The study was released just over a week before the film studio that commissioned it heads back to the Federal Court to appeal an unfavourable decision in its long-running case against ISP iiNet.

The film industry wants to make iiNet and other ISPs responsible for the copyright infringing actions of internet users on their networks.


BitTorrent researchers stand by sponsored study
"@Ace, surely it is unthinkable that the torrent police could be allowed to - oh, just a minute, somebody's pounding on my front door. . ."
By anonymous
 
 
 
Comments: 9
ITrant
Jul 27, 2010 1:28 PM
Without equally funded peer review studies, this report is meaningless. Corporations have long realised they can 'write the history' if they fund a study.

The Torrent Freak author taught statistics and research methods to PhD students and has far greater specialist knowledge. How about Village Roadshow fund that review of the report?
Ezy2Confuze
Jul 27, 2010 2:33 PM
Blind Freddy can see AFACT using this against iiNet.

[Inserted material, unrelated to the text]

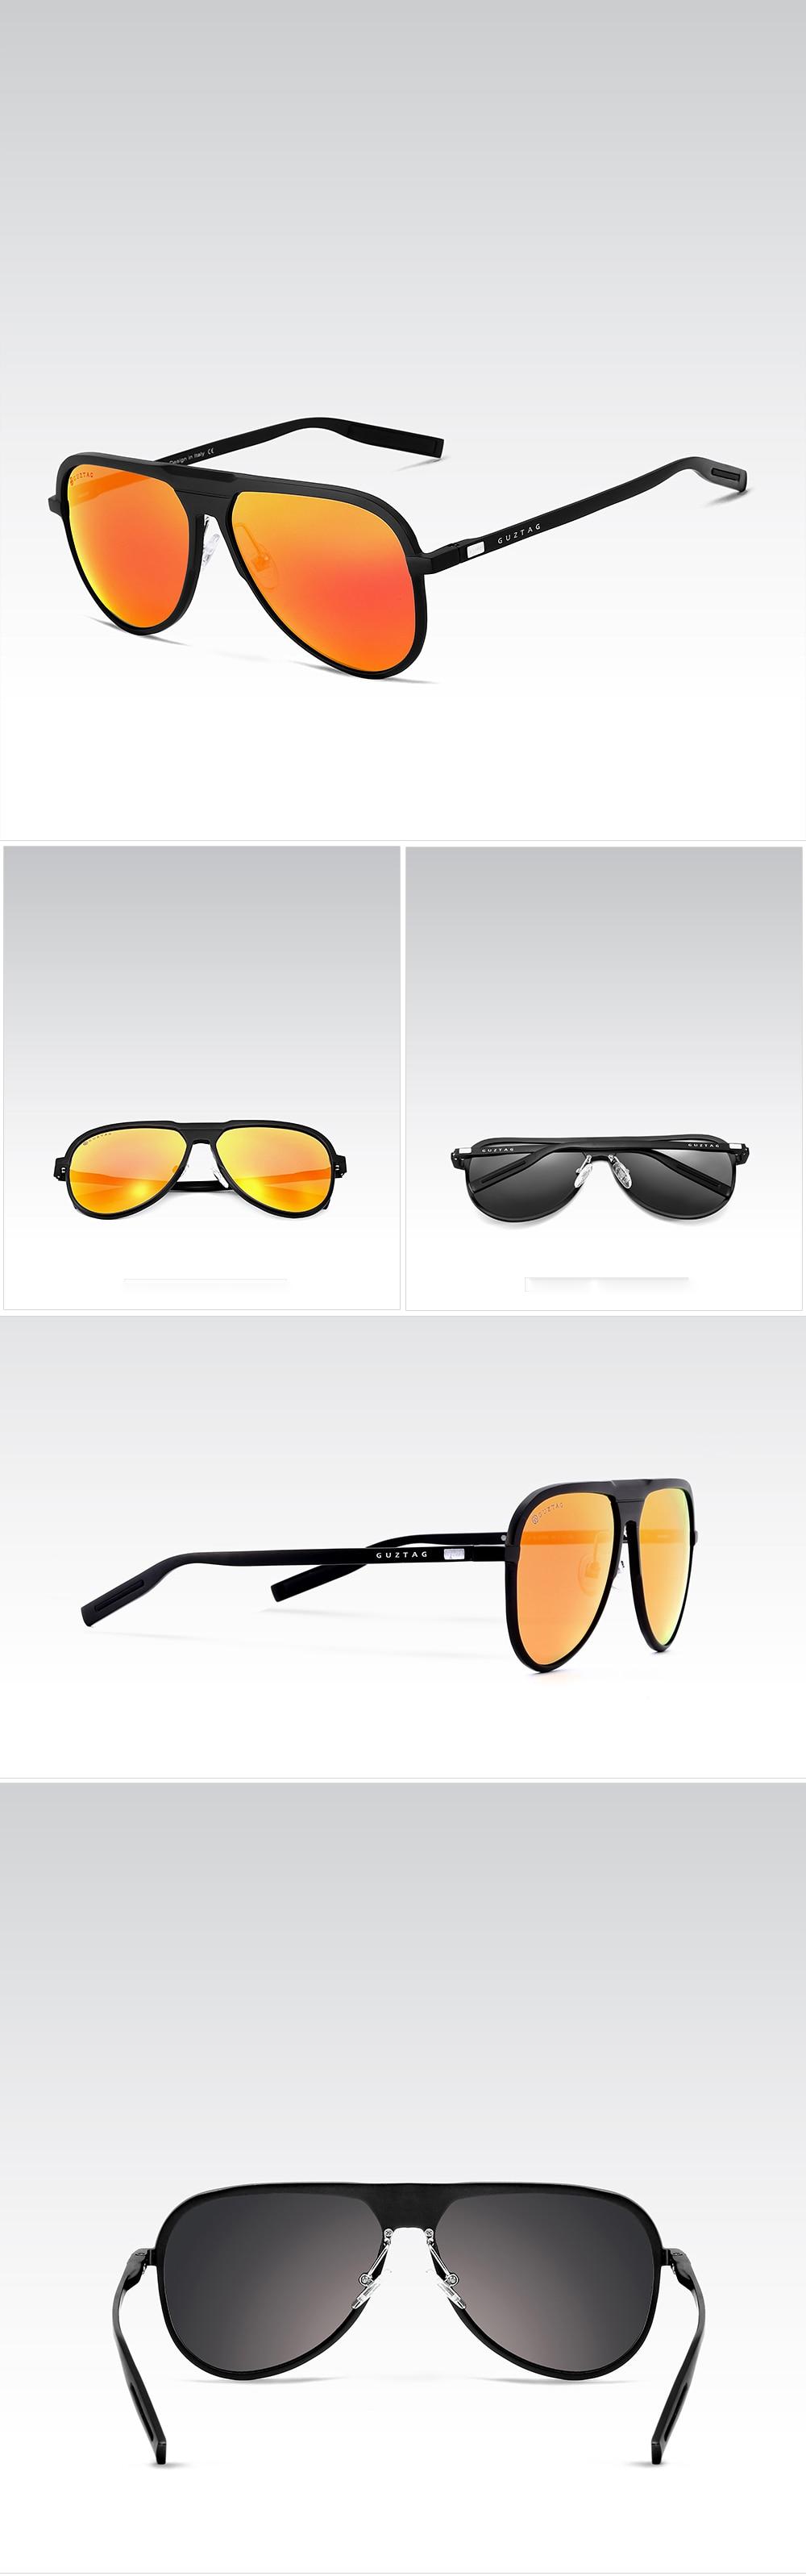 fd8c232d5d GUZTAG Unisex Classic Brand Men Aluminum Sunglasses HD Polarized ...

When Conjob loses his seat in the upcoming election, he should apply for a job at AFACT. It's a perfect fit, neither of them truly knows what they are talking about, both try to pull the wool over the publics eyes at every turn and both of them know how to twist words just the right way to fit their own agendas.
Cham
Jul 27, 2010 2:35 PM
The impression I got from the TorrentFreak wasn't just that they disagree'd with the findings of the study, but that they disagree'd with the methodology as well. It's all well and good to say "our methodology supports our results" but if the methodology is wrong, then the results are wrong too.
Bloemfontein78
Jul 27, 2010 2:52 PM
@Cham - actually read the study. The methodolgy is fairly grounded. Just because Ernesto says so, doesn't make it so.... Independant thought is a good start

@Ezy2Confuse - I thought this has already been covered elsewhere that AFACT can't use it in court?

@ITrant:
Has a far greater specialist knowledge then who? Eeek.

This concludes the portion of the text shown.